When the control section 23 recognizes the occurrence of the
dielectric breakdown, the control section 23 is operated to set the
frequency of the signal S.sub.1 to a low value of, for example, 4
kHz so as to increase a discharge current value. Thus, voltage of 4
kHz is applied to the LC series resonance circuit 4. As the
frequency is increased, integral value of the current is reduced by
the choke coil L of the LC series resonance circuit 4 so that
current flowing through the discharging lamp 5 is reduced. That is,
if the frequency is reduced, the discharge current is increased to
reduce a time required for the discharging lamp 5 reaching the
stable state.
However, the discharge current in the stable state is further
increased if the frequency is left, and the amount of light is kept
excessive. Hence, the control section 23 is operated to set the
frequency of the signal S.sub.1 to a predetermined value of, for
example, 10 kHz to control the discharge current so as to generate,
at a predetermined time point, a condition where the discharge
current according to the desired amount of light can flow through
the discharging lamp 5.
In this case, if the frequency is rapidly varied from 4 kHz to 10
kHz, the amount of light is also varied rapidly. Consequently, when
the discharging lamp 5 is used for the headlamp of the vehicle, the
discharging lamp 5 may dazzle a passerby or a driver of another
vehicle.

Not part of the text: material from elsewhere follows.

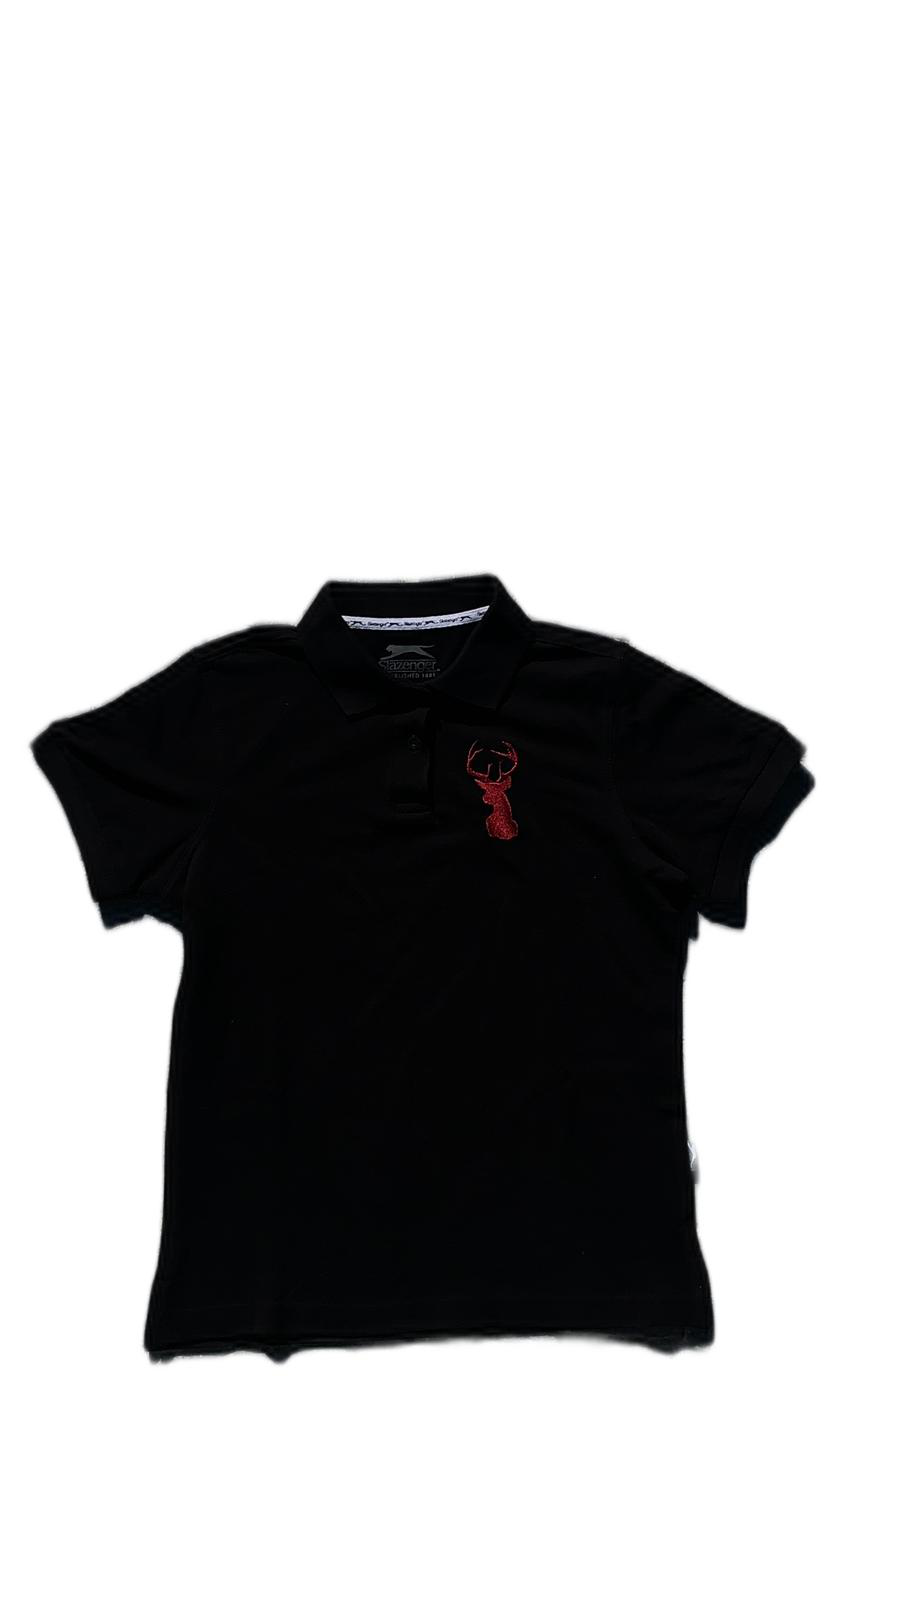 roter hirsch - Poloshirt in schwarz verschiedene Größen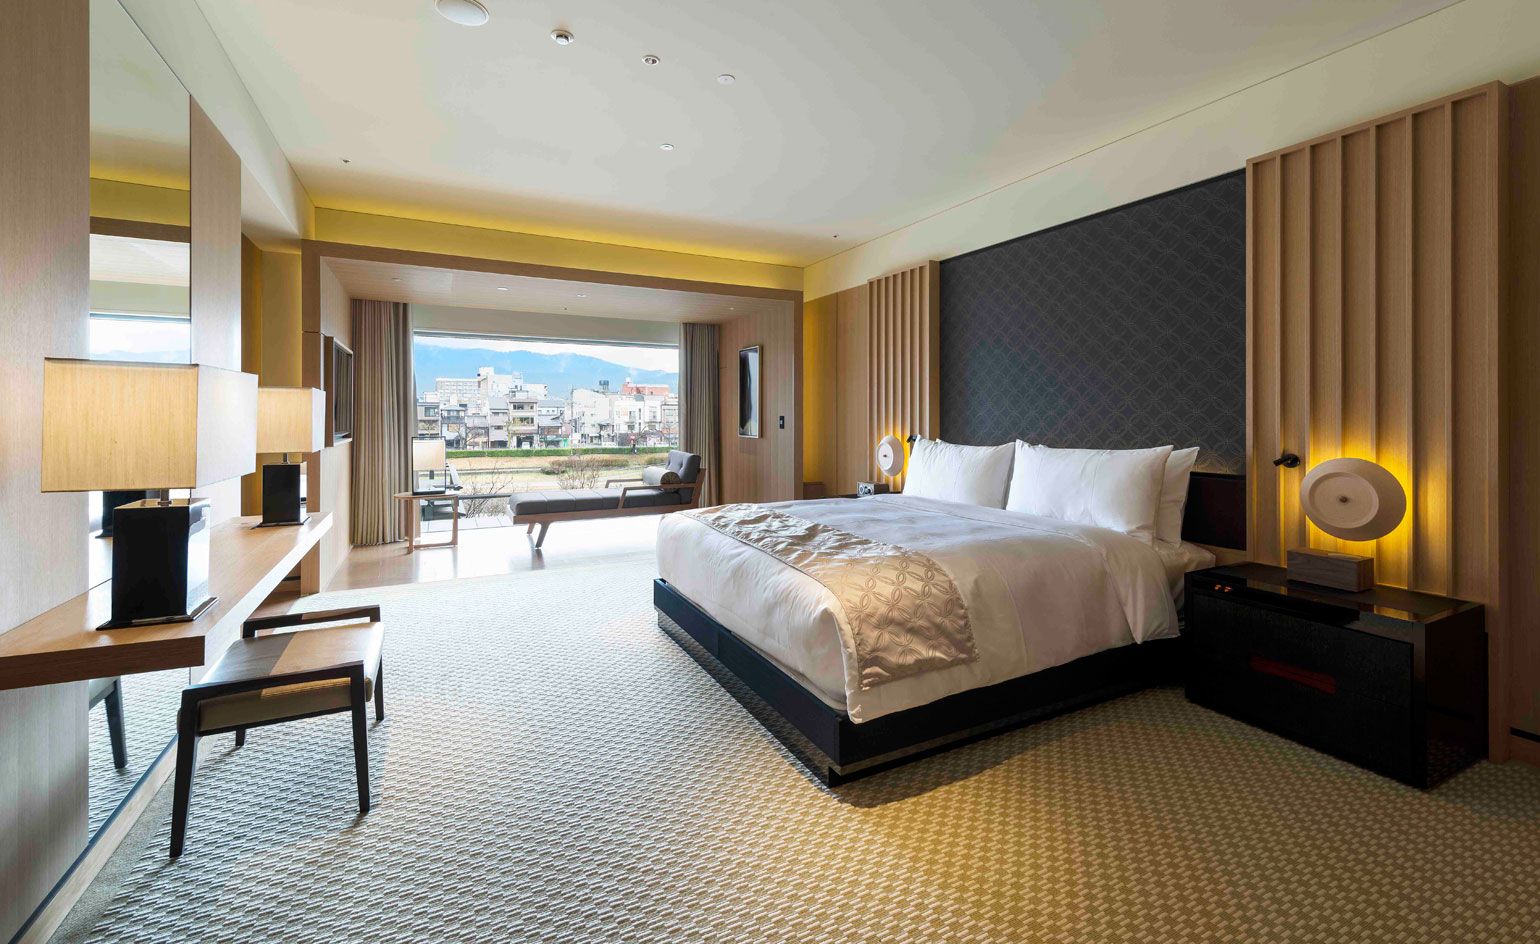 Ritz-carlton, Kyoto, Japan Best Urban Hotels - Bedroom , HD Wallpaper & Backgrounds

Hence, the control section 23 is operated to perform the
following control so as to gradually vary the amount of light.
That is, the control section 23 is operated to determine whether or
not a time of 100 ms has elapsed, and is operated to increase the
frequency of the signal S.sub.1 by 50 Hz each time when the time of
100 ms is elapsed. After the frequency of the signal S.sub.1
reaches 6 kHz, the control section 23 is operated to increase the
frequency of the signal S.sub.1 by 100 Hz each time when the time
of 100 ms is elapsed. Finally, when reaching 10 kHz, the frequency
is fixed to the value of 10 kHz.
As set forth before, it is possible to enhance rise characteristics
of the amount of light, and overshadow the variation in the amount
of light.
Since the prior art discharging lamp lighting apparatus is provided
as described hereinbefore, a final value of the frequency of the
signal S.sub.1 is a fixed value of, for example, 10 kHz. Thus, in
case, for example, a time elapsing variation occurs in
characteristics of the discharging lamp 5 or the mounted
discharging lamp 5 is exchanged, there are drawbacks in that the
amount of light may be excessive depending upon the variation or a
new discharging lamp 5, and the life of the discharging lamp 5 is
reduced.
SUMMARY OF THE INVENTION
In view of the foregoing, it is an object of the present invention
to provide a discharging lamp lighting apparatus which implements
the optimal rise characteristic of an amount of light in each
discharging lamp having varying characteristics.
It is another object of the present invention to provide a
discharging lamp lighting apparatus which can be continuously
adapted to a varied characteristic of a discharging lamp even if
the characteristic of the discharging lamp may be varied, so as to
rapidly provide a stable state of the amount of light.
It is still another object of the present invention to provide a
discharging lamp lighting apparatus which can prevent the amount of
light of the discharging lamp from being excessive when applying
rated power in case stable voltage is not stored, and can avoid a
reduced life of the discharging lamp.
It is further object of the present invention to provide a
discharging lamp lighting apparatus which can be prevented from
storing voltage in an unstable state, and can avoid control
according to an erroneous power control pattern.
It is still further object of the present invention to provide a
discharging lamp lighting apparatus which can avoid abnormal
lighting control or lighting control exceeding the rating of a new
discharging lamp immediately after exchanging a discharging lamp
even if an abnormal value or higher voltage is stored in a stable
voltage storage as a final discharging lamp voltage due to failure
or expired lifetime of the discharging lamp.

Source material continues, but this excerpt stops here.